Add roughly one jar of creamed honey from your stock to about ten in a large plastic bucket, and beat it for a few minutes; actually I am now using less.
If you want to incorporate a lot of air into the mixture, making it lighter still, then you will need to beat it for much longer; I couldn't be bothered but you will get a better return because you are now selling air at a premium.
Pour your raw honey into the bucket, add the seed, and beat for three or four-minutes, just to distribute the them through the liquid.
Some of our best honey comes in when trees from our citrus fruit list are in flower. The tantalizing hint of phytochemicals like limonin that makes your lemon so special comes through.
It's in limes too.
I now use a wooden frame to support the bucket; cut with a band saw.
Holding the bracket instead of the bucket gives you far better control as the paddle is lowered into the honey; should it move out of position it would be shredded, and possibly your hand too.
These were both bottled yesterday, the one on the right obviously the creamed honey. I can detect no difference in taste, but that on the left will set rock-hard, but that the other remains soft with a consistency like that of peanut butter.

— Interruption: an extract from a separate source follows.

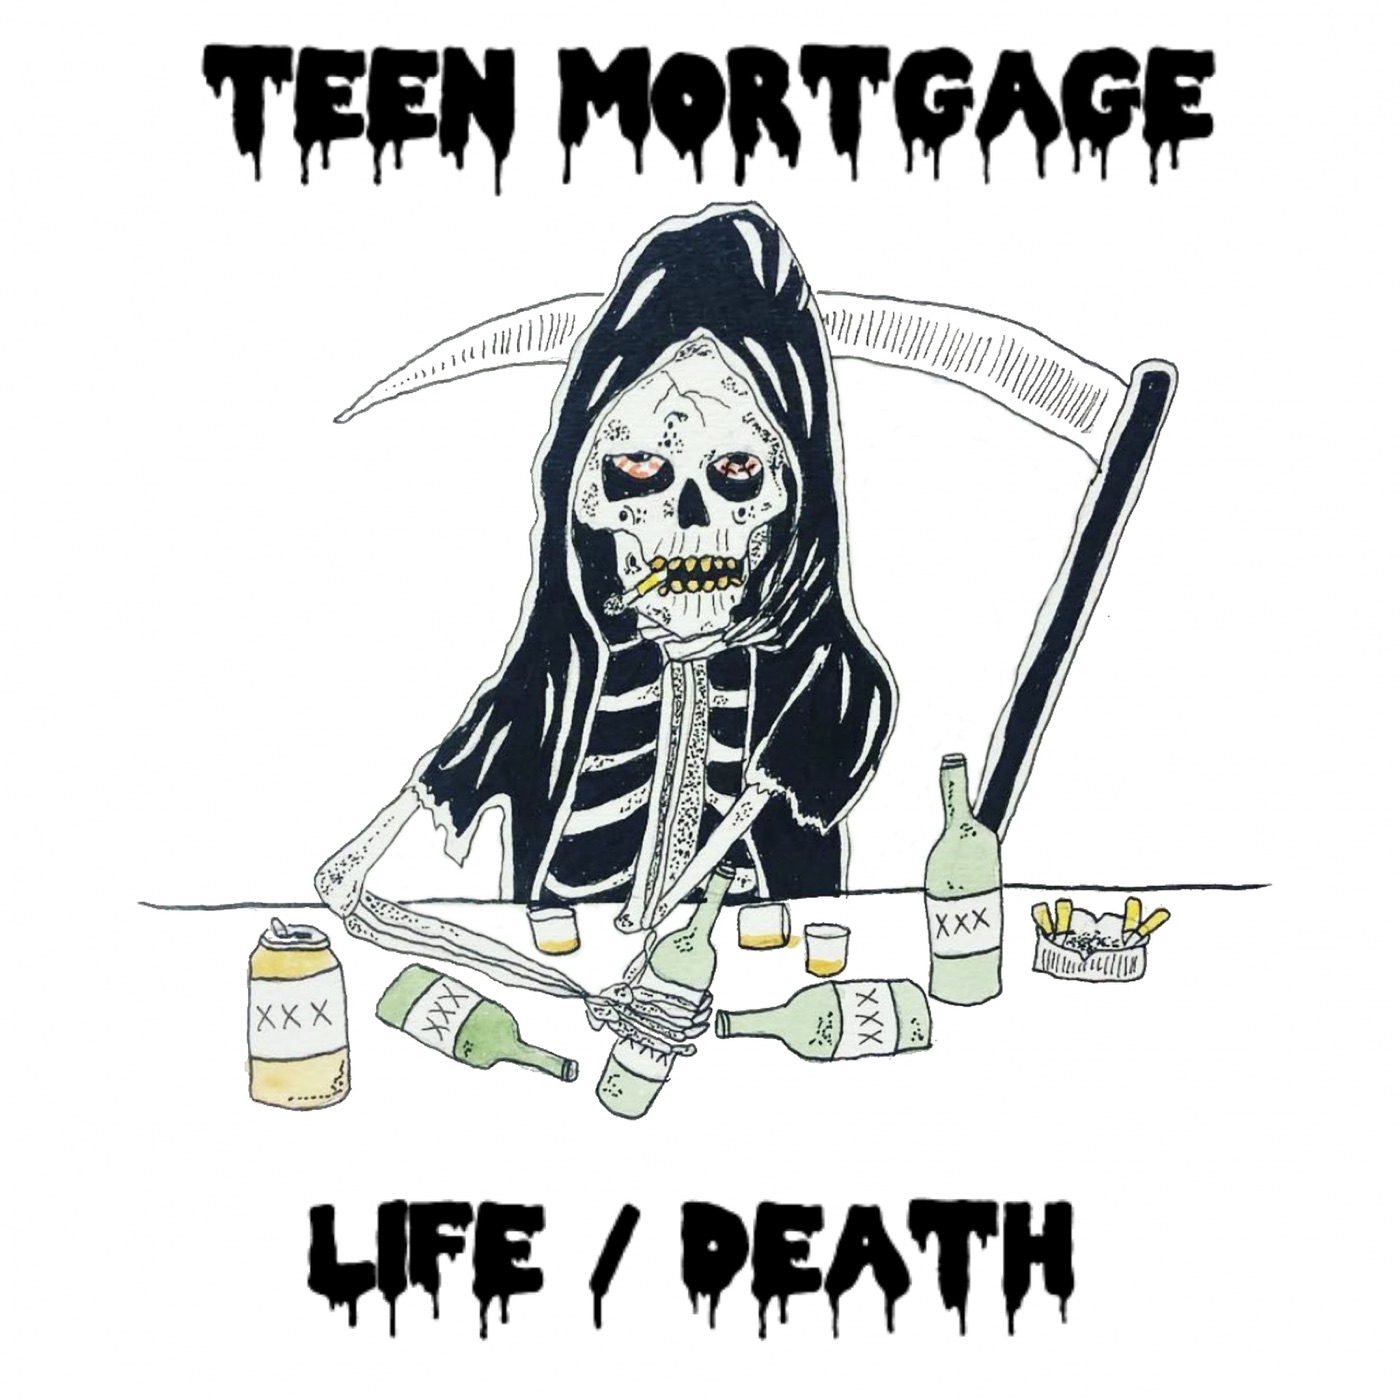 Life/Death by Teen Mortgage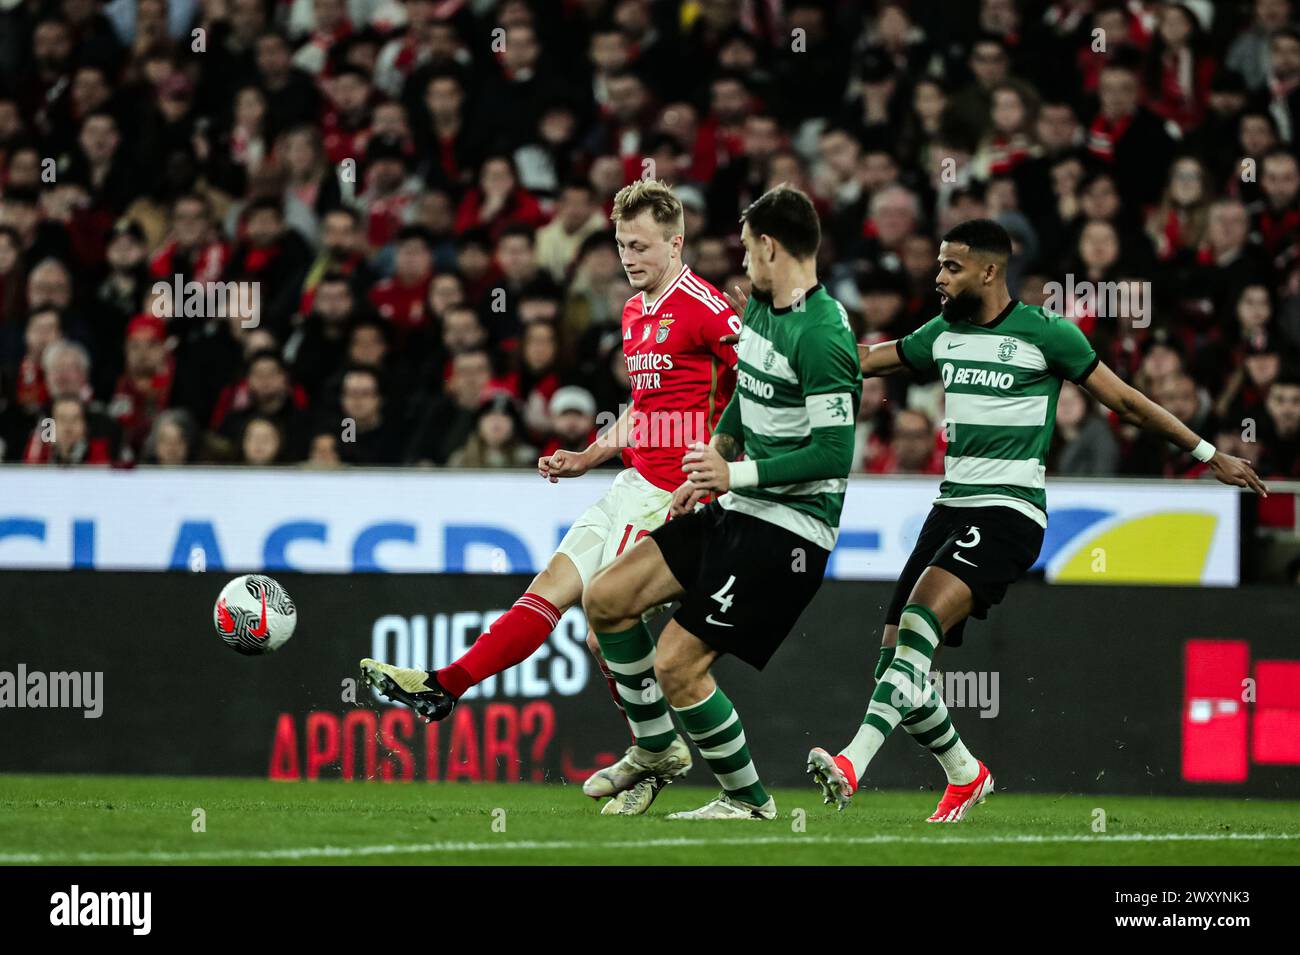 Lisbon, Portugal. 02nd Apr, 2024. Lisbon, 04/02/2024 - This evening the Sport Lisboa e Benfica football team hosted Sporting Clube de Portugal in the 2nd leg of the Portuguese Cup semi-finals at the Estádio da Luz in Lisbon. Tengstedt; Coates (Mário Vasa/Global Imagens) Credit: Atlantico Press/Alamy Live News Stock Photo

I'll try and remember to add photos of these same two bottles in a month's time.
Notice below how the regular runny honey on the left has set rock hard and crystallised, whilst that on the right remains soft and is easy to spread on bread. It's exactly the same honey, but has different physical properties.
Which would you buy if you saw both on the shelf in the shop? I'll bet the one on the left, but that on the right is far better.
It's really just a matter of personal taste. I refuse to heat either because of the unseen spoilage of our very special and virtually unique raw honey.
Creamed clover honey, or any other like this from the eucalyptus tree, is to my mind just more user-friendly.
When you expose any food to oxygen, it begins to decay; that is why we are going to have a very difficult time weaning ourselves off plastic. As far as our creamed clover honey is concerned, we whip it very briefly, just to distribute the find crystals throughout the bulk, so that little air is blended into the mixture.
However, some processors will cream the honey for an hour or more, incorporating a lot of air into the mixture; it becomes light and fluffy, weighs considerably less than a pound making it more expensive, but more important exposing the honey to oxygen. I don't recommend it.
Our three-minute creamed clover honey is quite soft and creamy enough.